Today, in Syft we have a number of catalogers that end up having overlap in the packages they surface and the files they read. An example of this is: a user installs curl with a package manager and the RPM cataloger finds this package, but the binary cataloger also finds the curl binary and creates a second package of a different type. When this happens, Syft by default will create an ownersip-by-file-overlap relationship between these packages, and a post-cataloging process by default will remove the secondary packages based on this relationship, so users don’t typically see the binary version but only the more correct package-manager version.
As far as I can tell, this deduplication is useful in order to:
- provide the best SBOM to the end user, and by association:
- avoid vulnerability false positives due to more accurate information from package manager vulnerability feeds and the versions used
Beyond these purposes, I’m having a hard time finding the value of the relationships.
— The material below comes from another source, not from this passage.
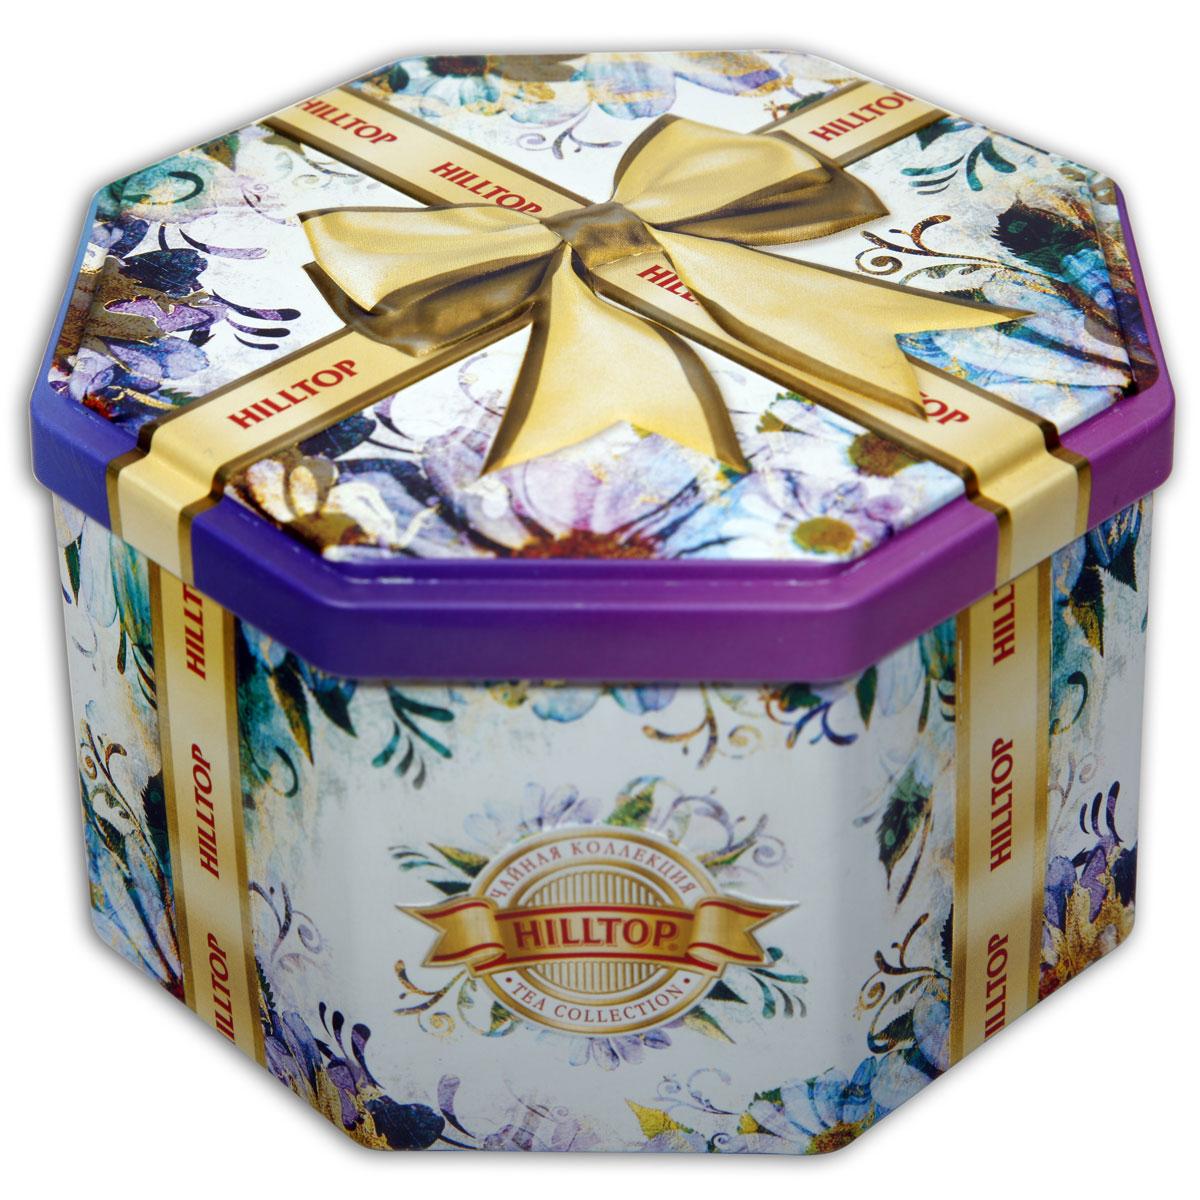 Hilltop Золотой бант ароматизированный листовой чай, 150 г4607099302532Крупнолистовой цейлонский черный чай Hilltop Золотой бант с листьями и тонизирующим ароматом чабреца

Maybe Syft has an option to disable the deduplication if a user really wants that, but why not just have a specific function to do so without adding relationships only to later remove them?
We really want Grype to only match on the package manager versions, but there’s already a custom function to filter these out, but this only works because Grype knows which feeds provide better results and making part of that determination in Syft seems like the wrong place to do it.
So, this is all pretty long-winded way of asking: should we get rid of the ownership-by-file-overlap relationship altogether and simply have deduplication functionality that operates without these relationships?